You are viewing a plain text version of this content. The canonical link for it is here.
Posted to common-user@hadoop.apache.org by Devaraj Das <dd...@yahoo-inc.com> on 2007/07/01 19:45:16 UTC

RE: Sort inputs, outputs

> 1. Do I need to setup files specially for them to work with sort?  My
self-made test 
> files always causes the map tasks to fail.  They're just text files with
lines such as 
> "123456 abcdef", "789012 ghijkl", etc.

What sort of failures do you get? I am assuming that you want to sort based
on the value of the first numerical string in every line. I don't know what
inputformat you are using. So, for your example, the closest built-in
inputformat is TextInputFormat. If you use that you would get the key and
value as the offset (as a LongWritable object) of the line in the file and
the line (as a Text object). You would then need to extract the two parts,
create a IntWritable or a LongWritable object of the first part, and, create
a Text object of the second part, and then do output.collect treating the
first part as the key and the second part as the value. Have a look at
org.apache.hadoop.examples.WordCount.MapClass.map to get a better feel for
what I am saying.

> 2. How do I check to make sure the sort output is truly sorted, when using
the 
> randomwriter + sort test?  Is there any specific way to view the output
files?

You could use the SortValidator. So, if you ran sort on the input directory,
inputDir, and created the output directory, outputDir, run the sortvalidator
as 
bin/hadoop jar build/hadoop-<version#>-dev-test.jar testmapredsort
-sortInput <input-path> -sortOutput <sort-output>

> 3. Are the outputs of the test programs typically part-00000, part-00001,
...part-XXXXX?  
> Is there any suggested method for merging them?

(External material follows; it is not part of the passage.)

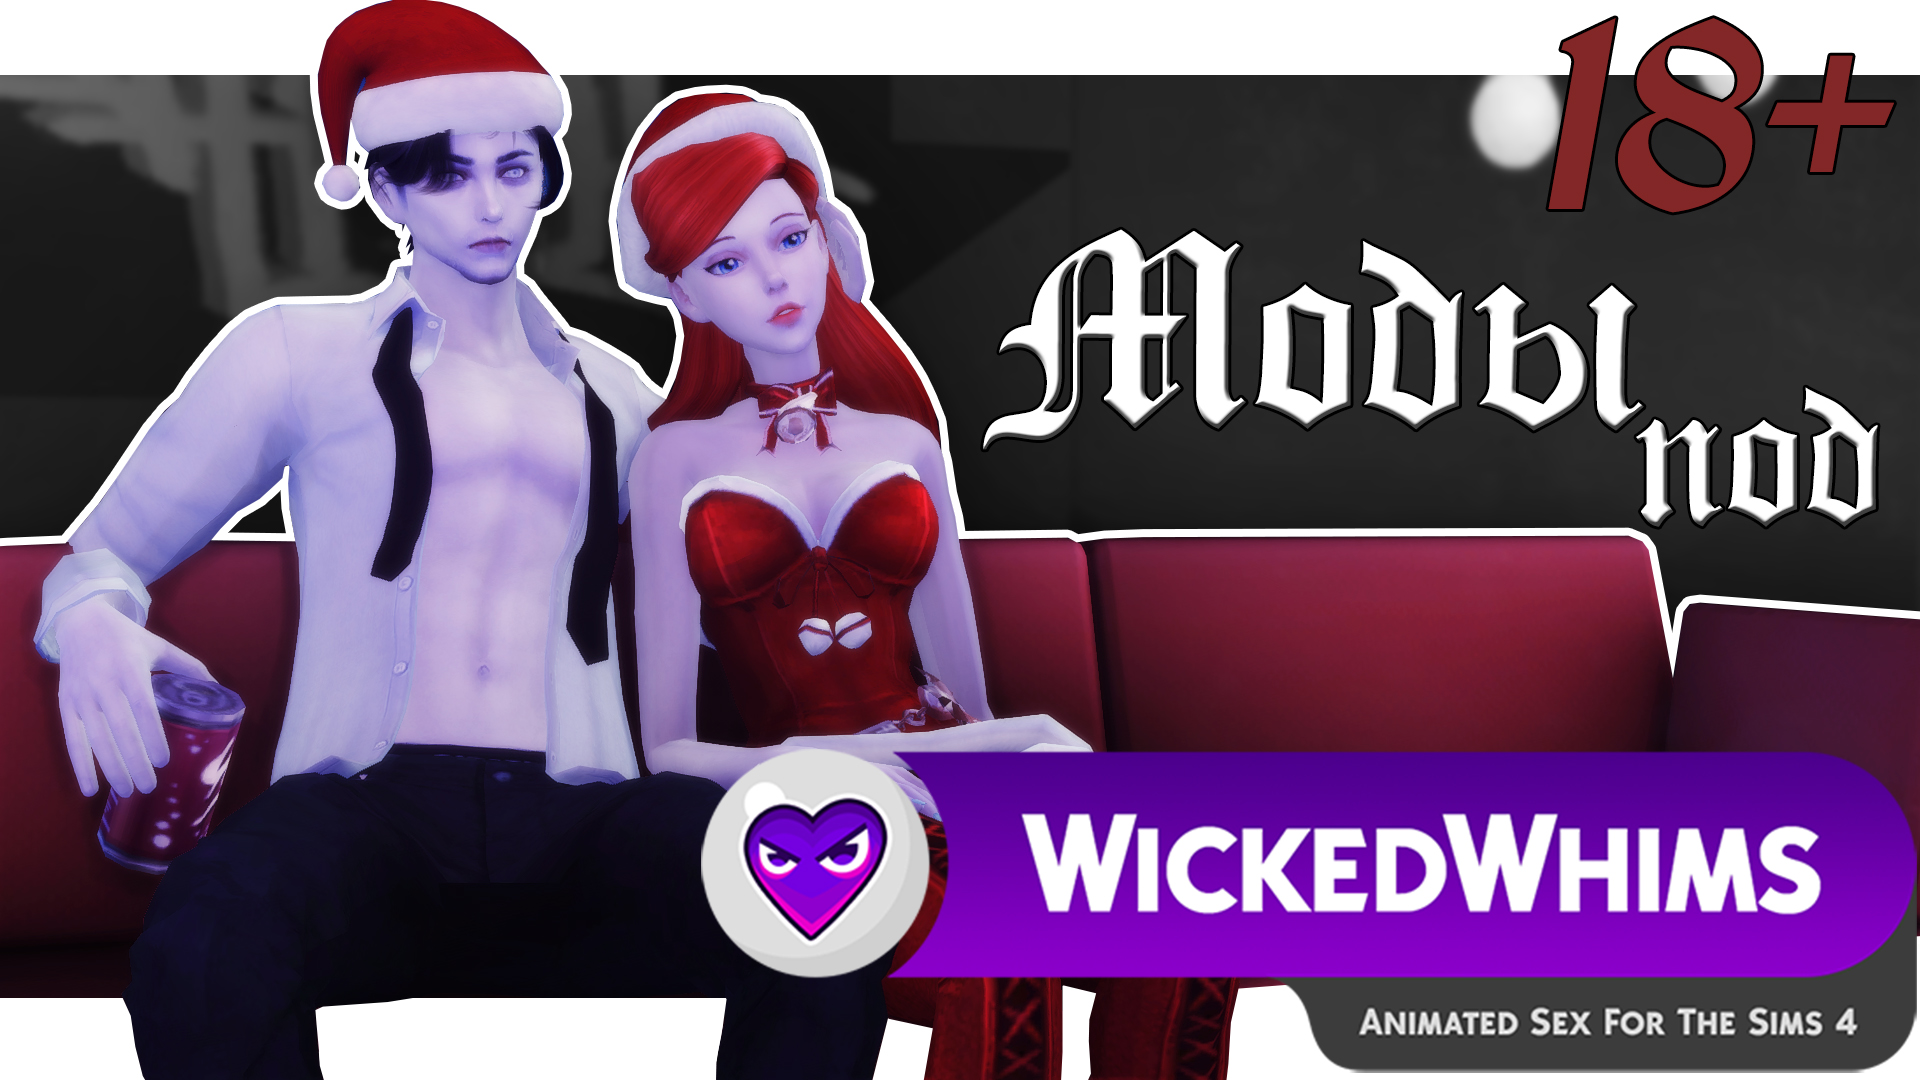 Wicked whims позы

Yes. You could run another mapreduce job with exactly one reduce to merge
them.

-----Original Message-----
From: Kevin Lim [mailto:ktlim@umich.edu] 
Sent: Friday, June 29, 2007 2:56 AM
To: hadoop-user@lucene.apache.org
Subject: Sort inputs, outputs

Hi,

I have setup hadoop on 2 machines and am now trying to see if it is working
properly.  I have 3 questions:
1. Do I need to setup files specially for them to work with sort?  My
self-made test files always causes the map tasks to fail.  They're just text
files with lines such as "123456 abcdef", "789012 ghijkl", etc.

2. How do I check to make sure the sort output is truly sorted, when using
the randomwriter + sort test?  Is there any specific way to view the output
files?

3. Are the outputs of the test programs typically part-00000, part-00001,
...part-XXXXX?  Is there any suggested method for merging them?

Thanks,

Kevin Lim


Re: Sort inputs, outputs

Posted by "Peter W." <pe...@marketingbrokers.com>.
Hi,

You could also do this the old fashioned way:

       try
          {
          JobConf jc=new JobConf(sample.class);
	 ...
          jc.setInputPath(new Path(IN_DIR));
          jc.setOutputPath(new Path(OUT_DIR));
          JobClient.runJob(jc);
	 }
       catch(Exception e){System.out.println(e);}

       String[] d=new File(OUT_DIR).list();
       Arrays.sort(d);

       for(int dint=0;dint<d.length;dint++)
          {
	 if(!d[dint].startsWith("."))	// no dot files
	    {
	    String PART_FILE=OUT_DIR+"/"+d[dint];	// part path

	    // create file object from part path string,
	    // do file merge,append, cleanup

	    }
	 }

Later,

Peter W.


On Jul 1, 2007, at 10:45 AM, Devaraj Das wrote:

>> 3. Are the outputs of the test programs typically part-00000,  
>> part-00001,
> ...part-XXXXX?
>> Is there any suggested method for merging them?
>
> Yes. You could run another mapreduce job with exactly one reduce to  
> merge
> them.